Стояли последние денёчки апреля. Остатки снега, как напоминание о прошедшей зиме, мутными потоками стекали в переполненные и вышедшие из берегов реки. Половодье создавало хорошие защитные и кормовые условия для водоплавающей дичи.
Весенняя охота на селезней, с применением подсадных уток и чучел, основана на биологии размножения птиц – брачном периоде и её сроки должны совпадать с этим периодом, что, в жизни, не всегда совпадало. На весеннем пролёте, в нашей местности, водоплавающей дичи, особенно уток, было много и они держались только по большой воде на разливах, летали стаями, в активном размножении ещё не участвовали и неохотно шли на контакт со своими резиновыми сородичами - чучелами.
По этой причине, подсадных уток охотники не содержали. Стрельба по стаям ставила под угрозу жизнь самок, накануне сезона размножения. Тем не менее, небольшая часть охотников, особенно из числа молодёжи, оправдываясь выборочным отстрелом селезней, принимала участие в весенней охоте, используя различные, доступные способы. С уходом большой воды, уходили и утки.

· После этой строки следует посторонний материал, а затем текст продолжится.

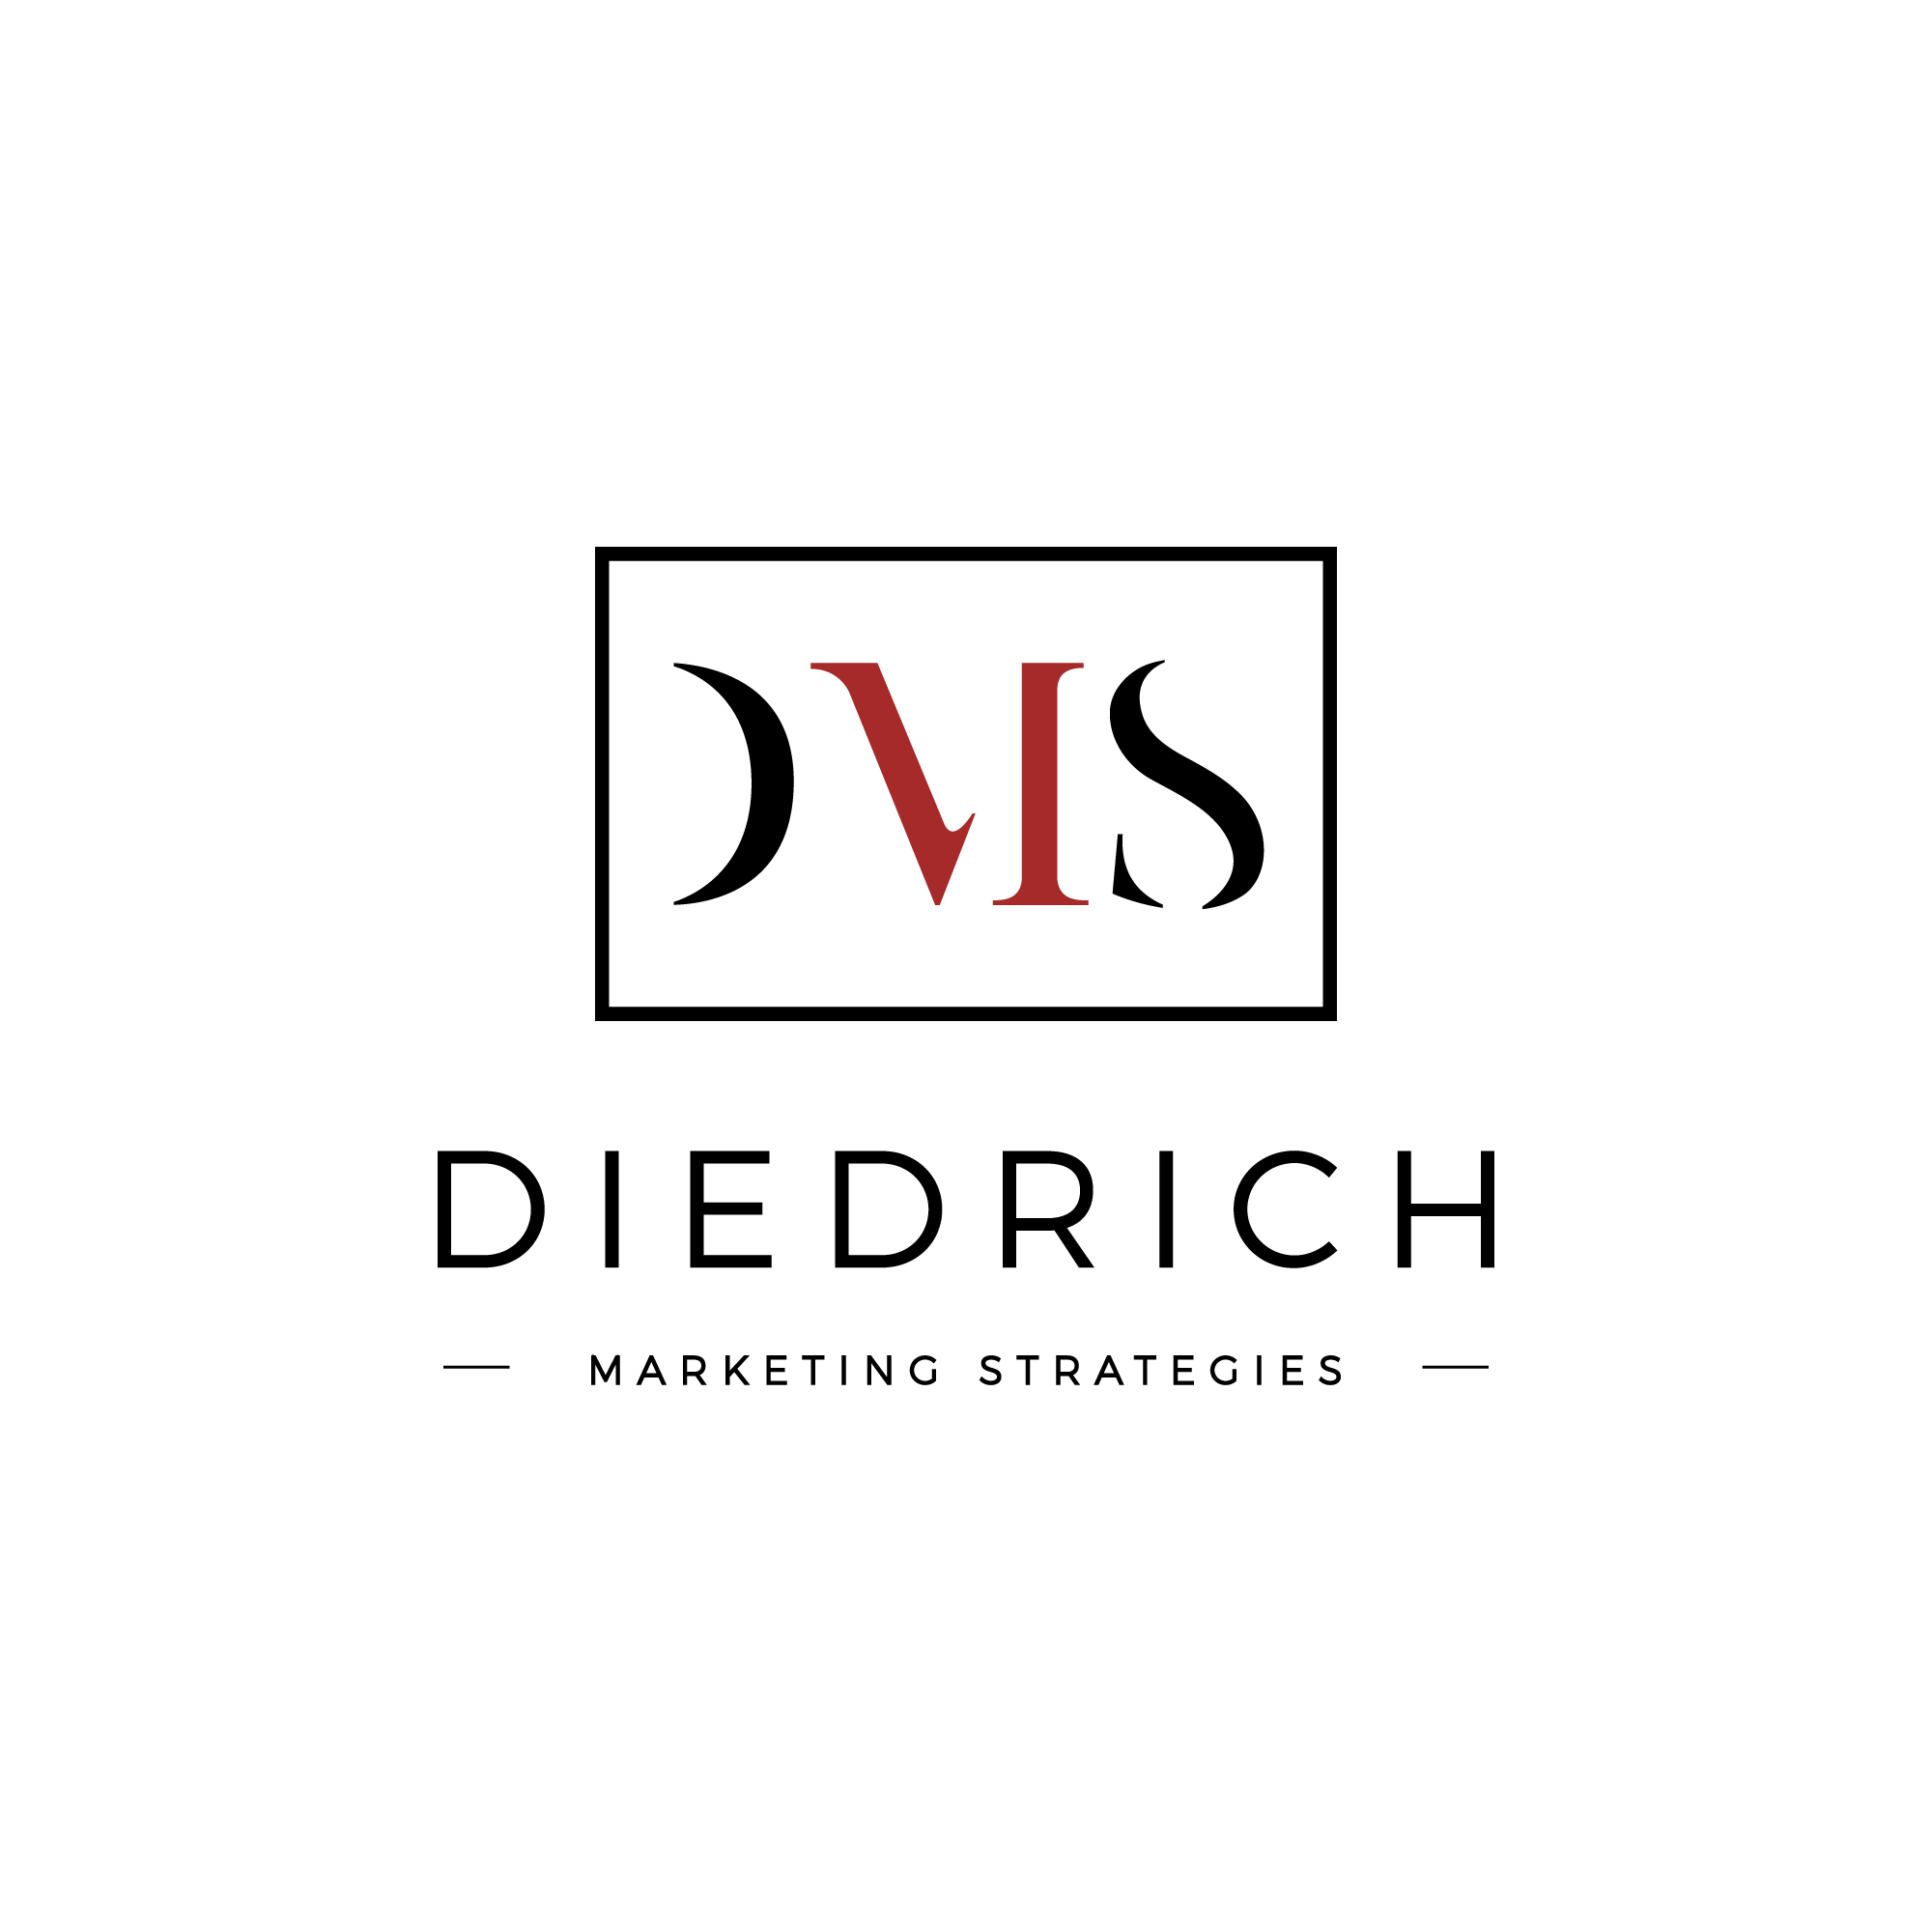 Diedrich Marketing Strategies

Старенький Газ-69, так называемый «бобик», под управлением молодого водителя Андрея, недавно отслужившего в Армии, колесил по лесным дорогам Западносибирской низменности. Основные участки дорог уже просохли, но в низинах ещё было сыро. Водитель, с напряжением и ответственностью, ухватившись за баранку, резко добавлял двигателю оборотов там, где этого требовала обстановка. Машина, буксуя на двух ведущих мостах, с рёвом, проскакивала трудные участки, разбрасывая грязь в разные стороны и наматывая её на колеса. Я сидел рядом с Андреем и морально помогал ему.
К полудню мы въехали в небольшой посёлок, являющийся производственным участком леспромхоза. В советские времена леспромхозы находились на довольствии ОРСов (отдел рабочего снабжения), которые, заметно, выигрывали своим ассортиментом и ценами перед потребкооперацией.
Дело шло к обеду. «Заедем, покушаем, здесь хорошая орсовская столовая, кормят хорошо и не дорого!», предложил я своему извозчику. Он охотно согласился. В столовой посетителей не было и нас быстро обслужили. Крупные котлеты, большие порции гарнира и увесистые куски белого мягкого хлеба указывали на хорошую кормёжку лесорубов. Мы расположились в уголке зала и принялись за трапезу.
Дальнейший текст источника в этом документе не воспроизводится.